Discussion of Lonely Orchid began as early as August 1925, when Mingxing and Bao began discussing rights. It was adapted from a British novel via a Japanese-language translation by Kuroiwa Shūroku, which itself had been translated into Chinese by Bao. The Chinese translation had found success in print, and stage performances had occurred throughout the 1910s; consequently, the film had an established audience. Scholars have differed in their assessment of the film's ultimate source. Lonely Orchid has been identified as stemming from Ellen Wood's 1861 novel East Lynne; in her history of Mingxing, Huang Xuelei argues that the original novel was actually Charlotte Mary Brame's A Woman's Error (1863), which bears a strong resemblance to Wood's work. Zheng Zhengqiu described Mingxing as interested in adapting the novel due to its critical treatment of such issues as love, family, and education, which advanced his desire to promote the conscience of society.

Although the basic synopsis for Lonely Orchid was completed within a week, it took until November to finish the screenplay. While printed translations had retained the novel's setting in the United Kingdom, the film was set entirely in China. Leicestershire, for instance, became Jiaxing; location shooting was also done in Hangzhou.

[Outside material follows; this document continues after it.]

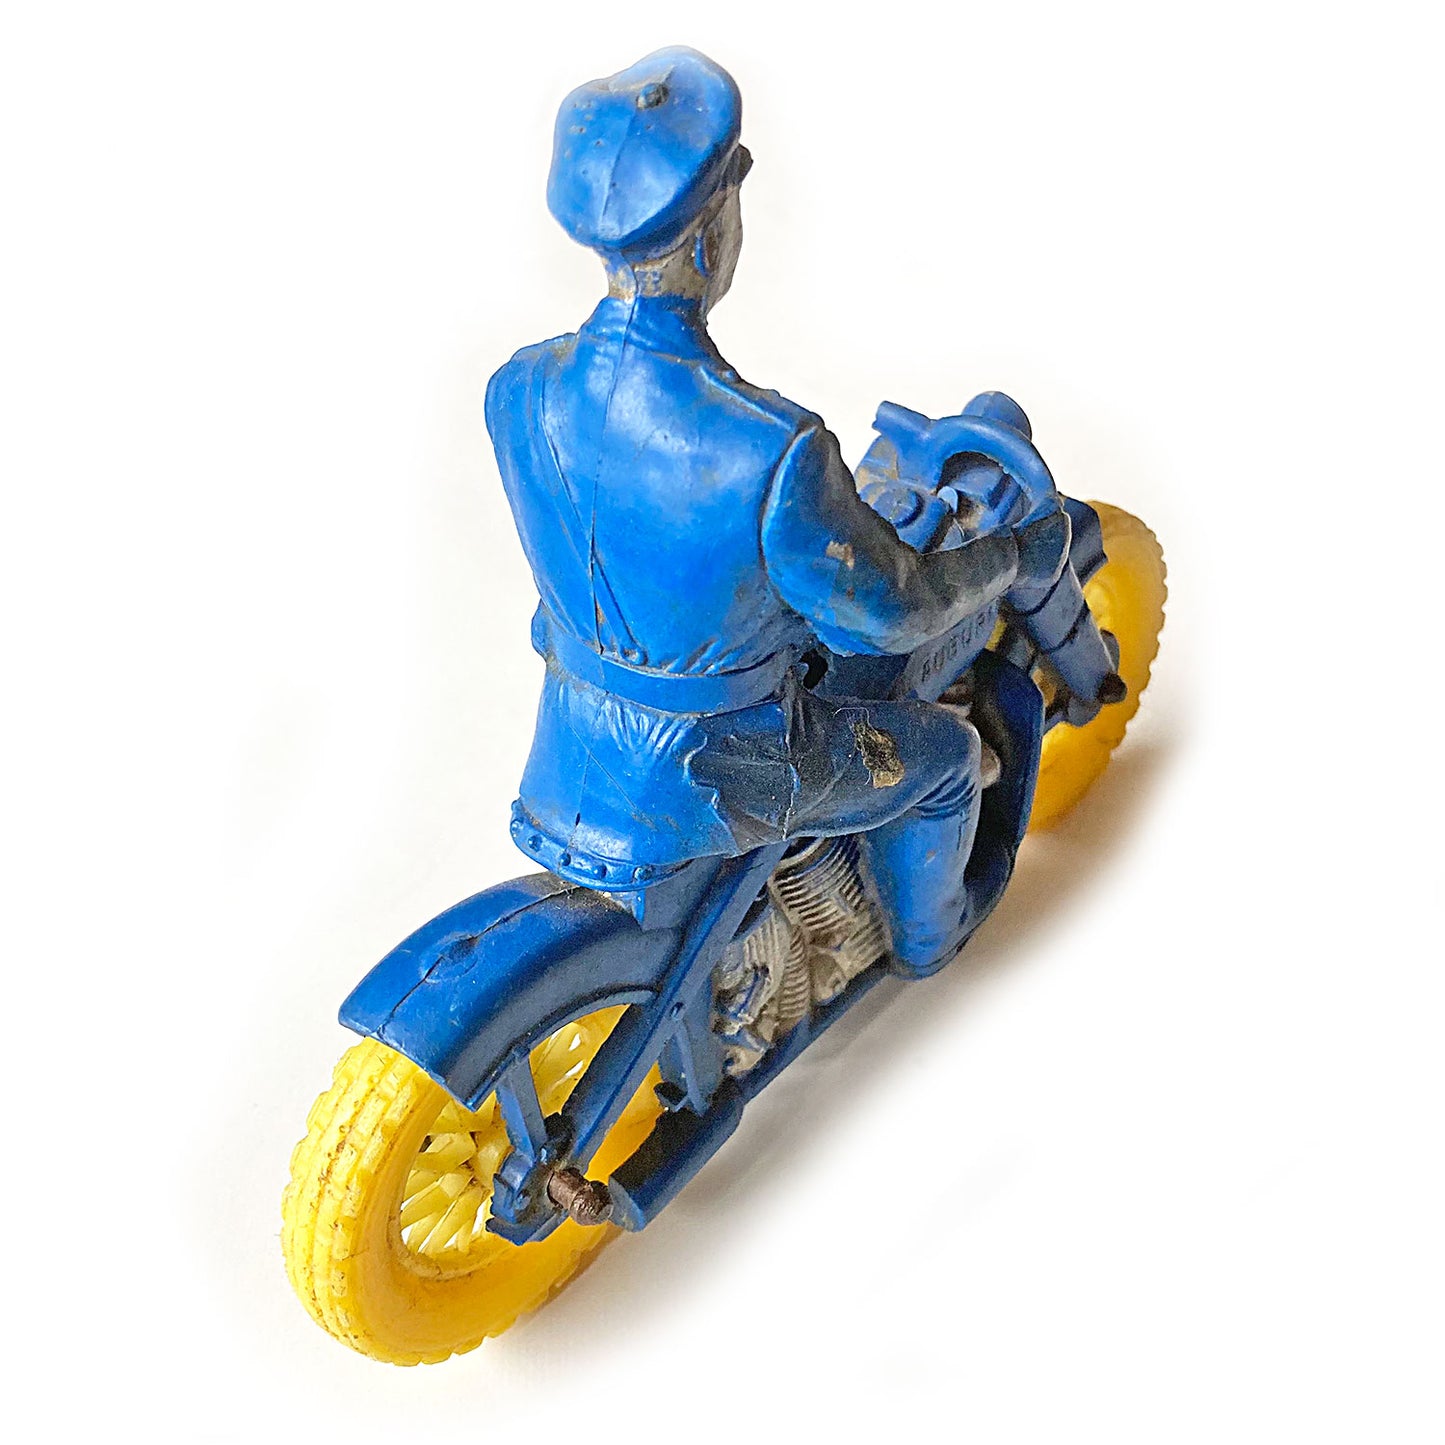 Auburn v-twin motorcycle toy, cop on Harley or Indian, rubber and plastic, 1940s
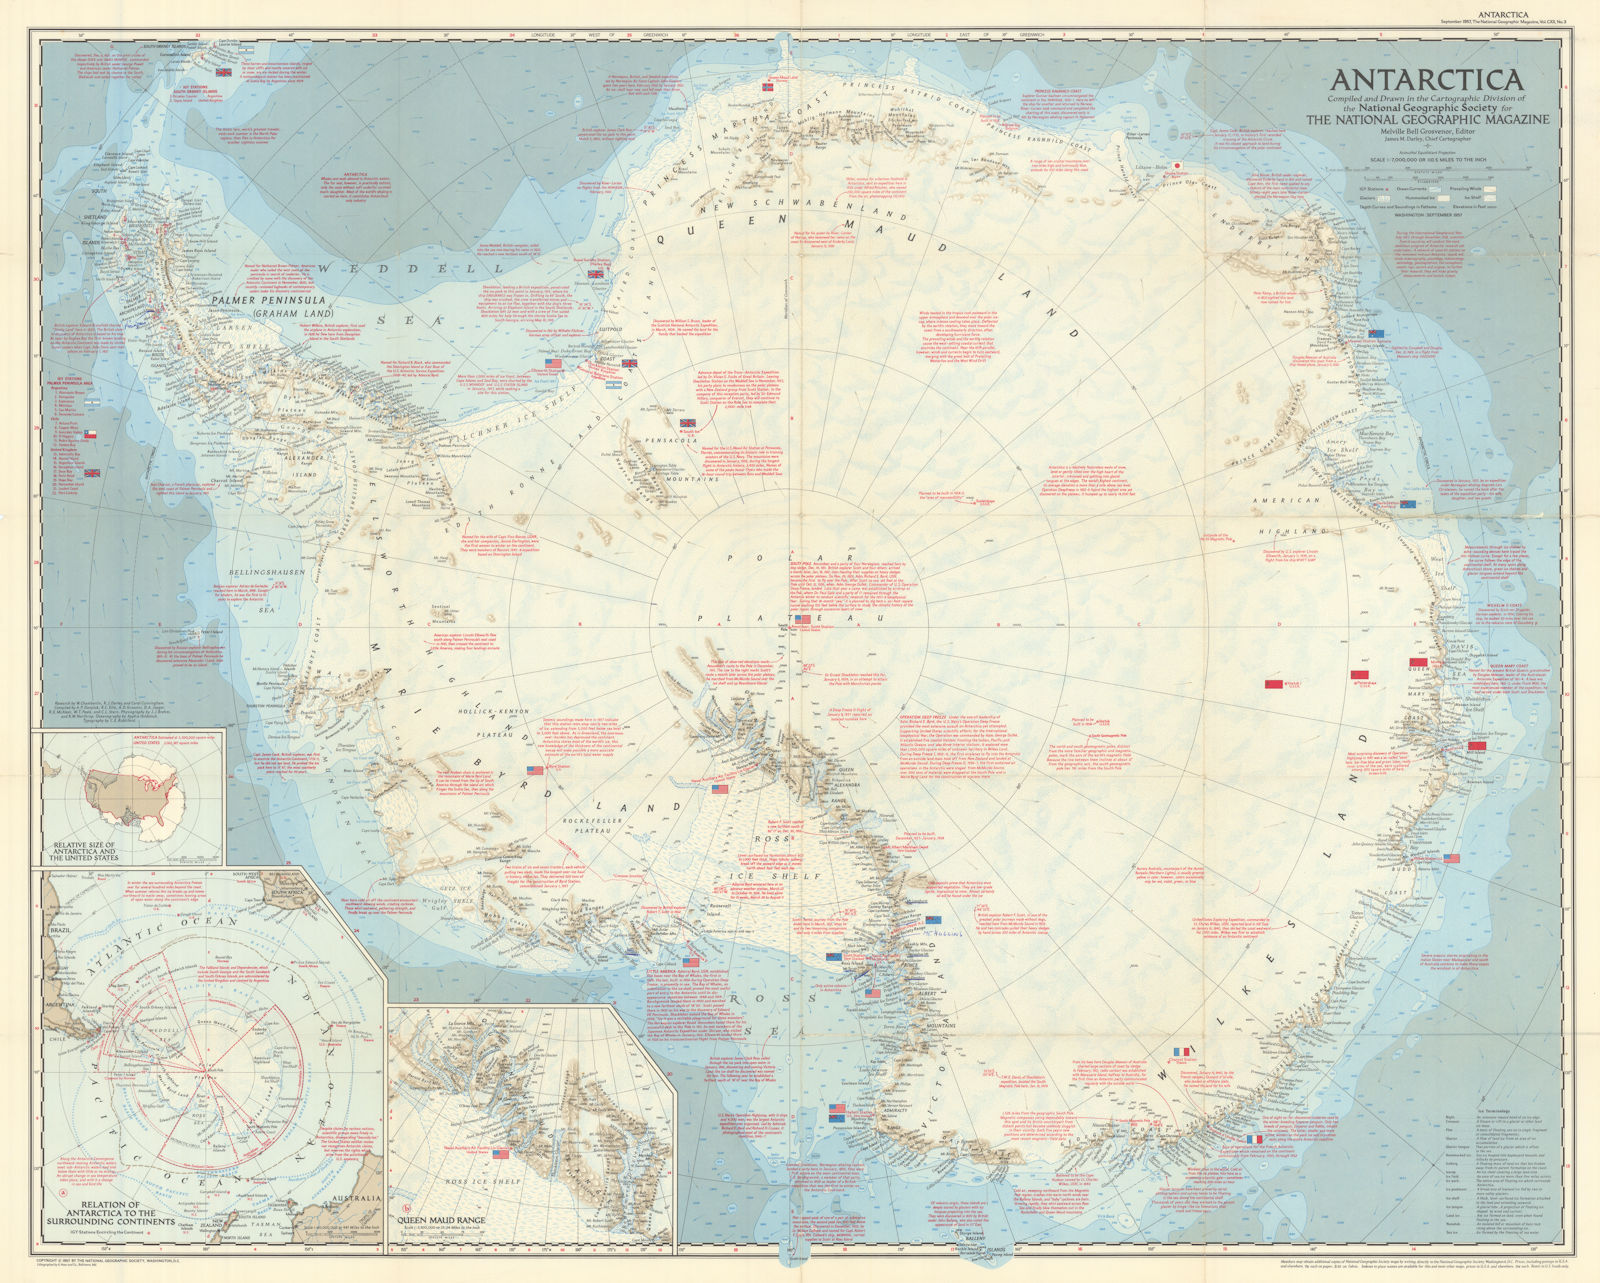 Associate Product Antarctica. National Geographic map for the International Geophysical Year 1957

Likewise, foreign elements were recast for this Chinese setting, with the main character gaining the family name Tao. Further modifications to the storyline included references to Chinese students abroad as well as rampant warlordism, both of which were more relevant to contemporary audiences than the references in the original novel.

==Release and reception==
Lonely Orchid premiered at the Palace Theatre in Shanghai on 13 February 1926, the beginning of the Lunar New Year, having had a preview three days earlier. The film was twenty reels in length. Advertising for the film had begun several months earlier, with regular newspaper coverage allowing audiences to follow the progress of production. Critical reviews were mixed, with Hong Shen lauding the film's quality, Chen Yuan praising its cinematography, and the literary critic Chen Junqing writing that he had left mid-screening.

Initially running for two weeks, popular demand soon resulted in a second run for Lonely Orchid. Subsequent distribution efforts resulted in the film being shown throughout the Republic of China as well as in parts of Southeast Asia. Earnings from the film were reported at 132,000 yuan (equivalent to ¥ in 2019).

Mingxing remade Lonely Orchid beginning in 1934. This sound film, which premièred on 3 February 1935, is extant. The 1926 silent film, however, has been lost. Its screenplay has survived, as have its intertitles.